-- YOUR GOAL --
Reproduce the listing in full, pictures excluded.

-- EXERCISE DATA --
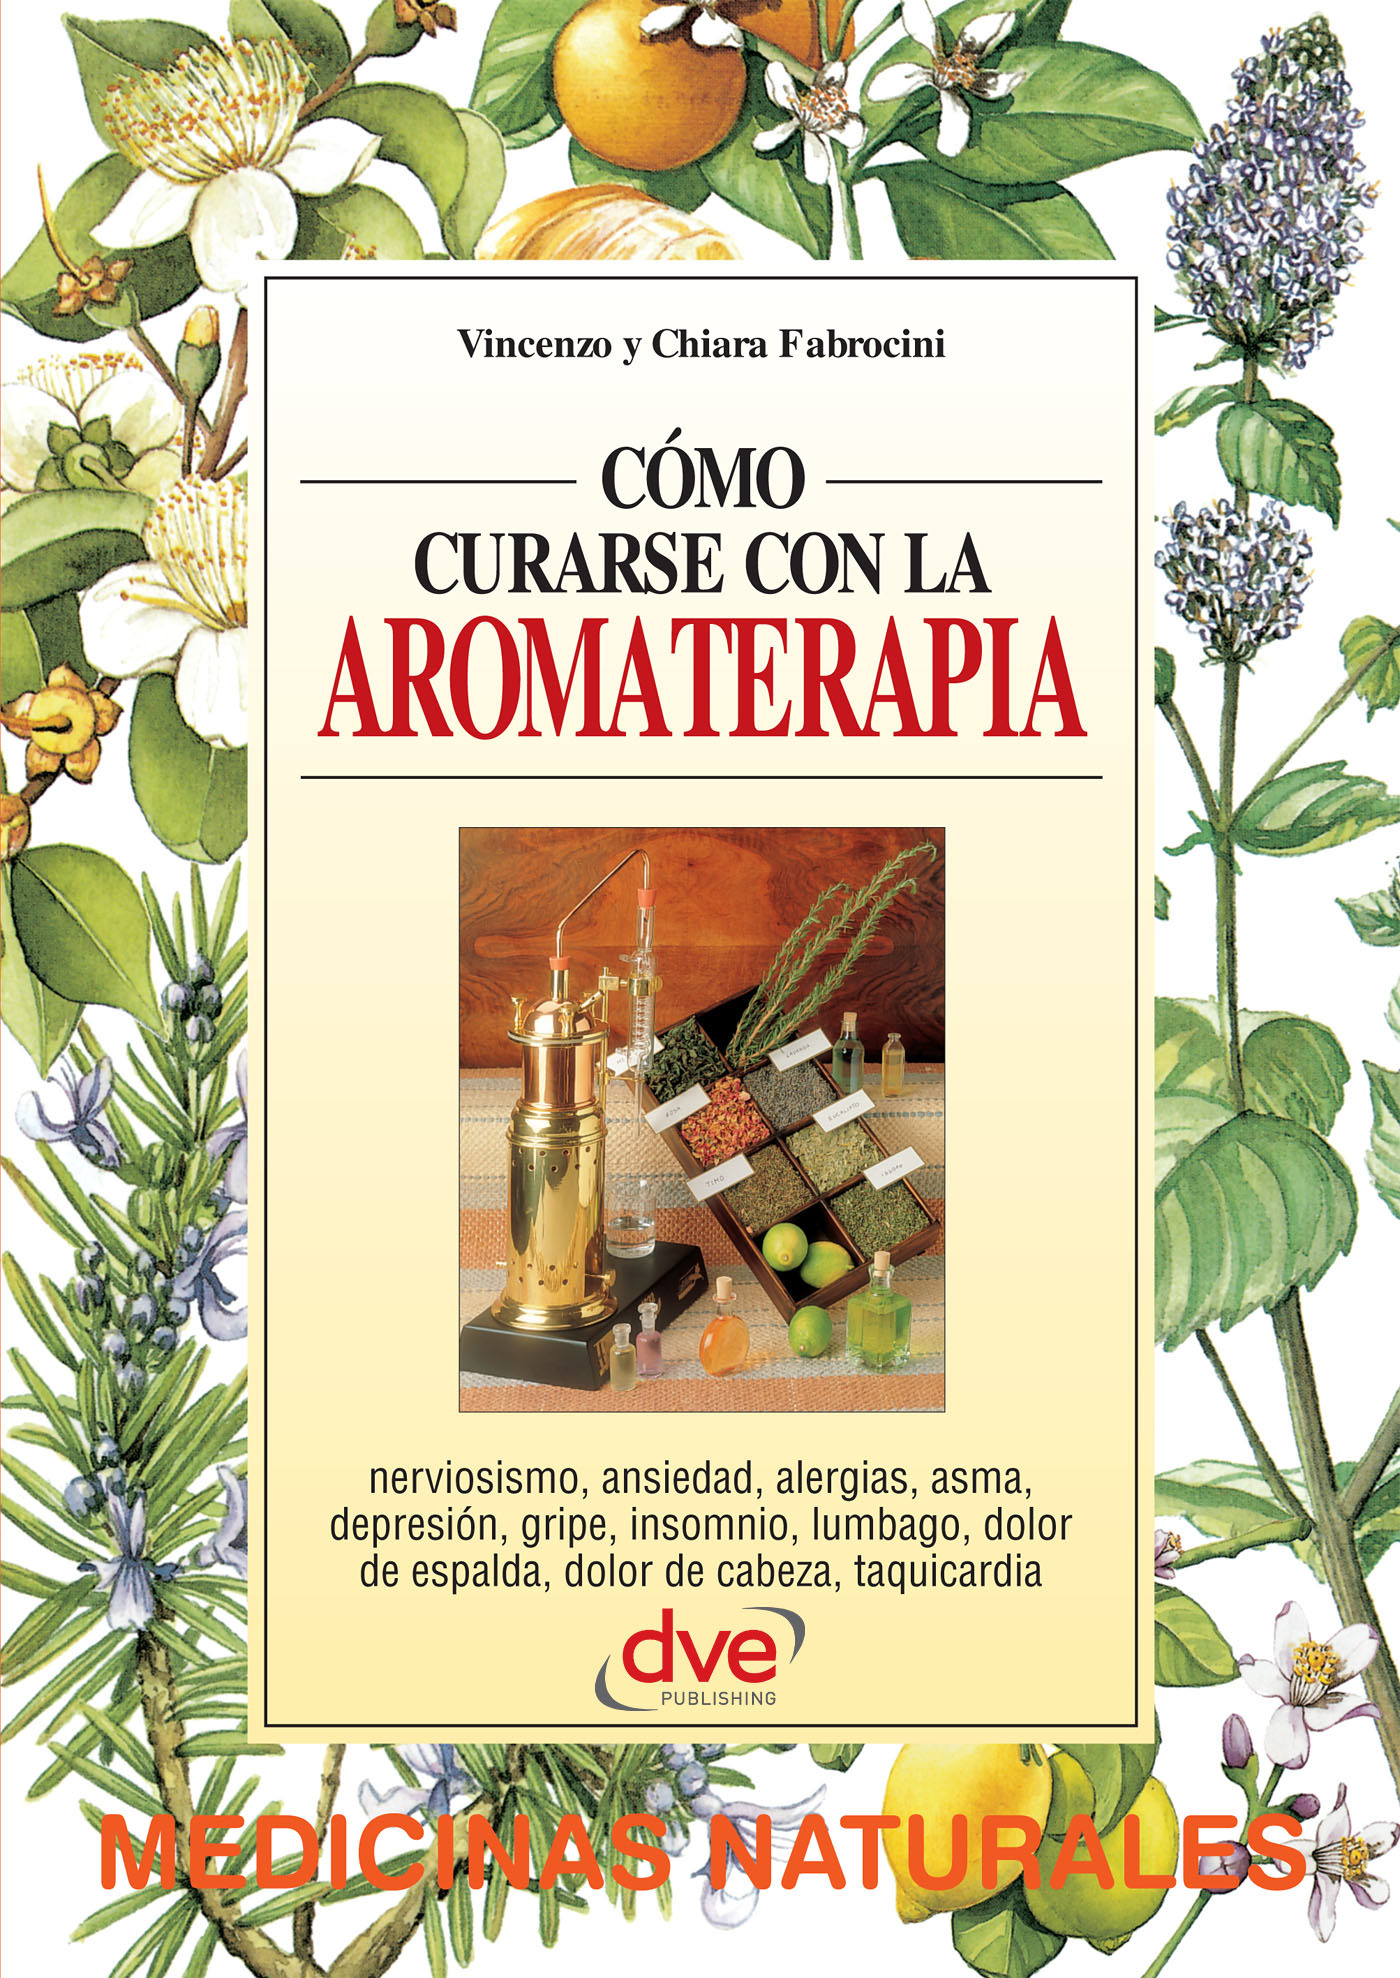 Fabrocini, Chiara - Cómo curarse con la aromaterapia, ebook
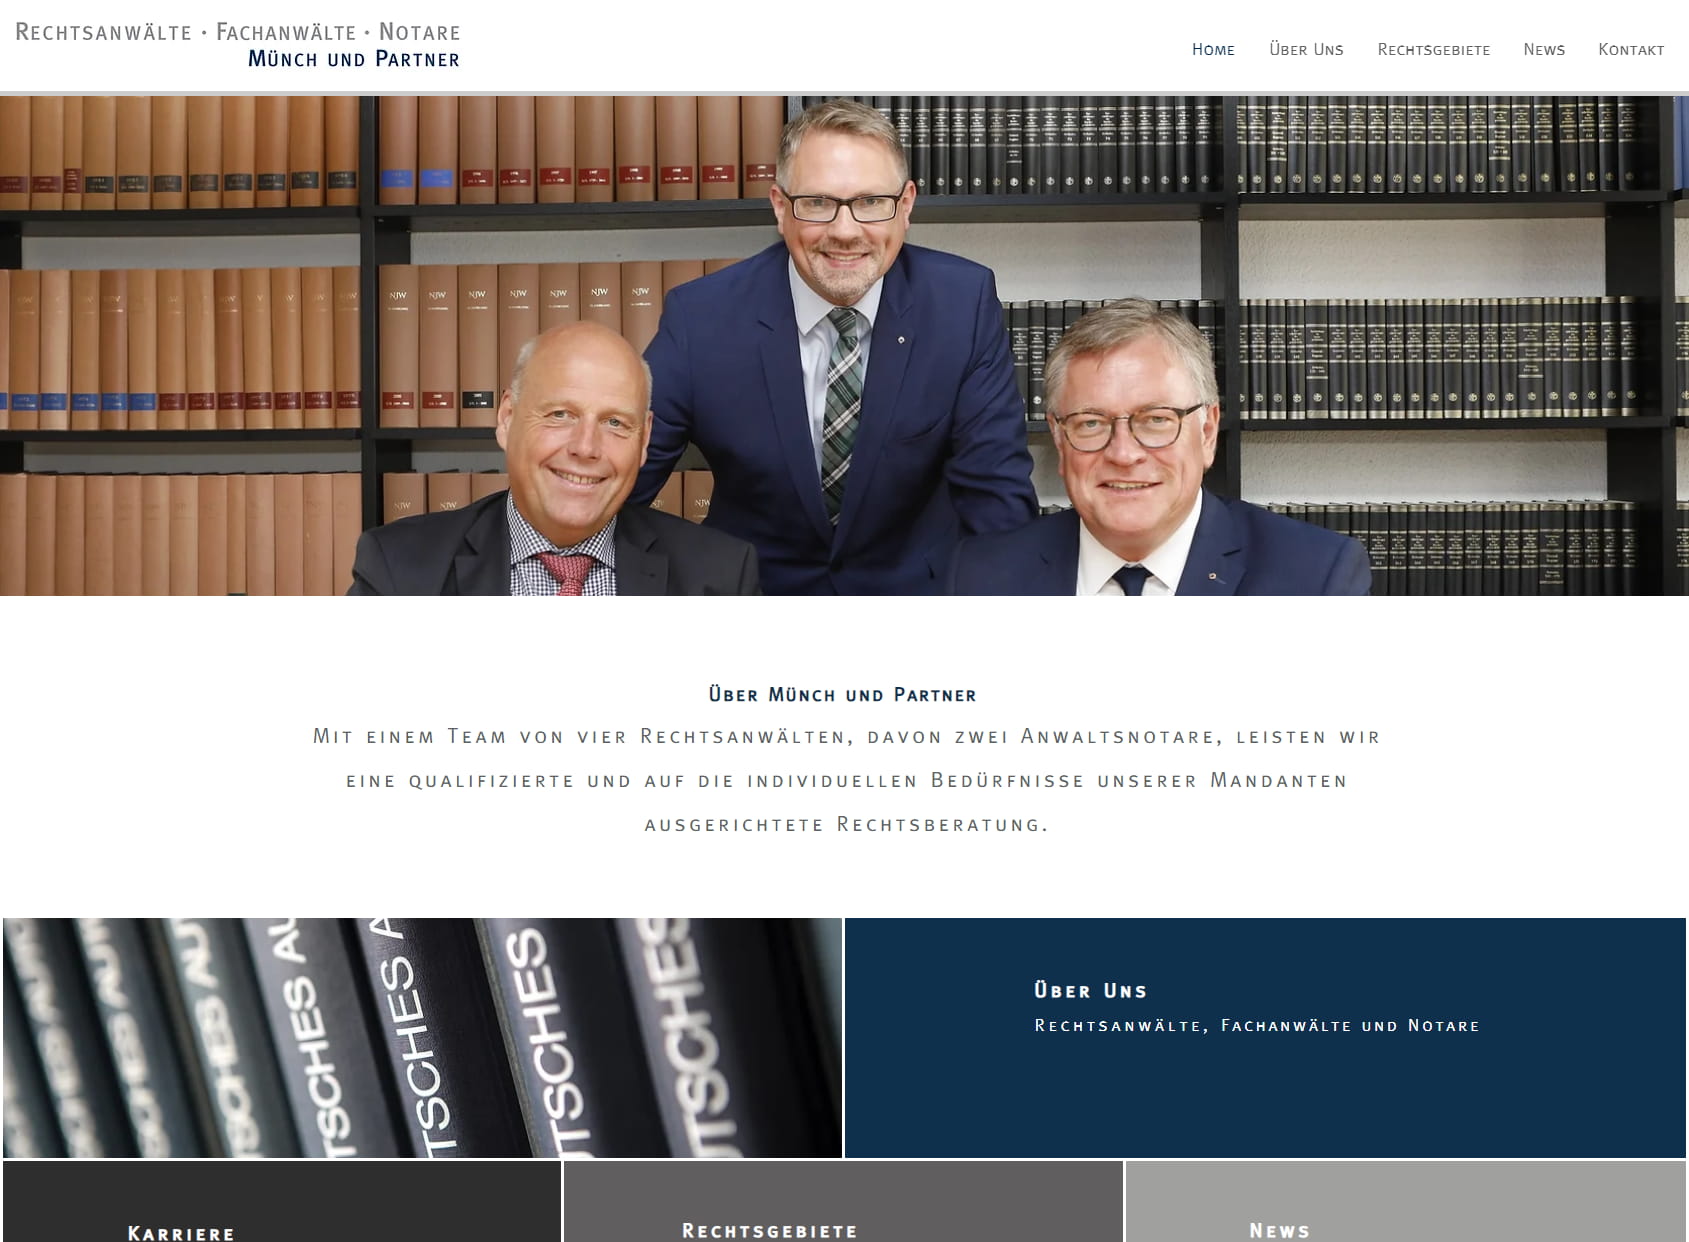 MÜNCH UND PARTNER Rechtsanwälte, Fachanwälte und Notare
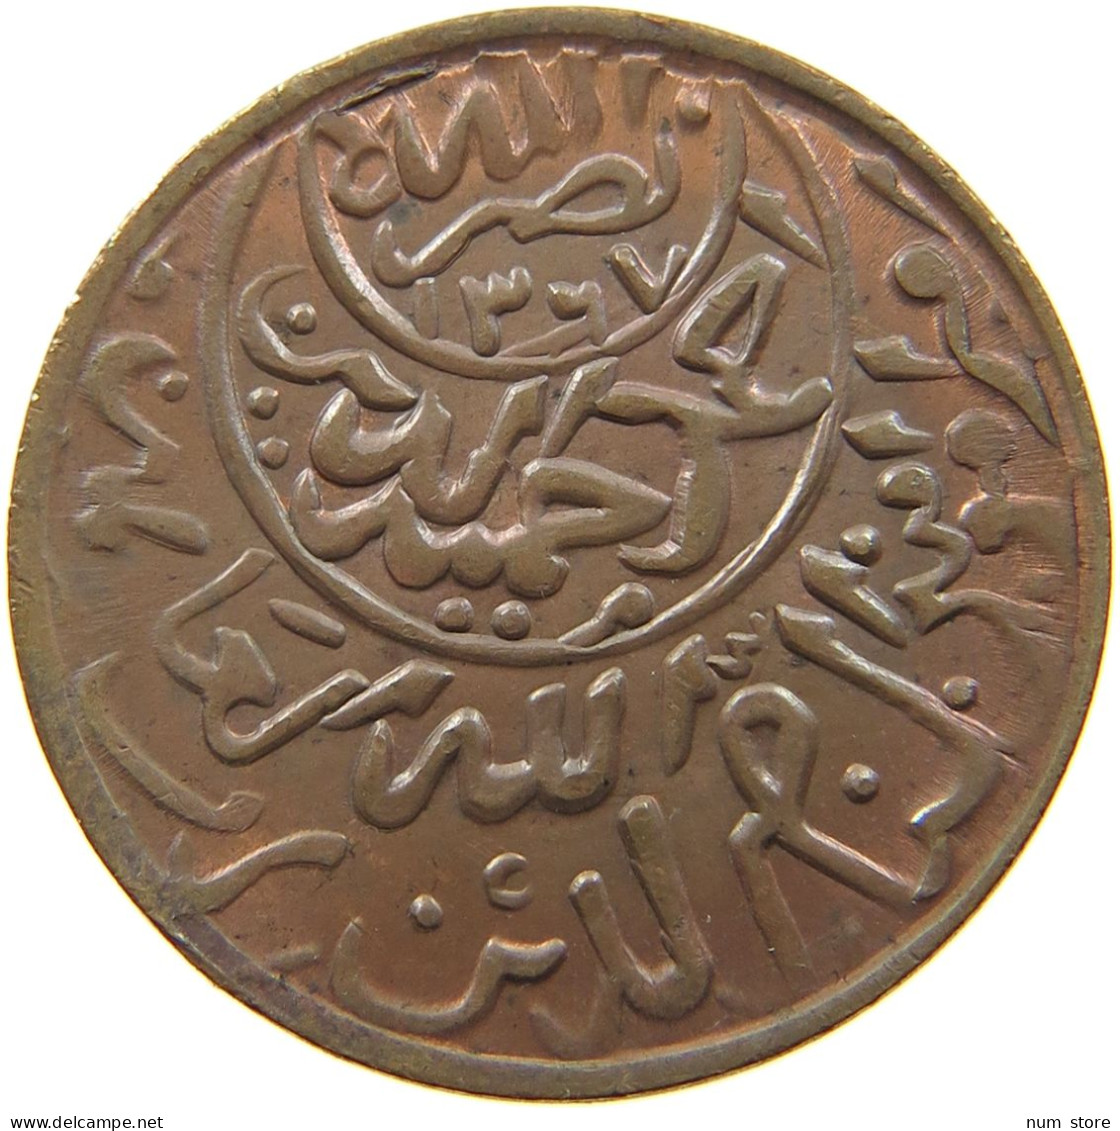 YEMEN 1/40 RIYAL 1373 AL-NASIR AHMAD BIN YAHA (IMAN AHMAD) 1948-1962 AD, AH 1367-1382. #MA 003241 - Yemen

-- TASK OUTPUT --
 Fabrocini, Chiara - Cómo curarse con la aromaterapia, ebook
 MÜNCH UND PARTNER Rechtsanwälte, Fachanwälte und Notare
 YEMEN 1/40 RIYAL 1373 AL-NASIR AHMAD BIN YAHA (IMAN AHMAD) 1948-1962 AD, AH 1367-1382. #MA 003241 - Yemen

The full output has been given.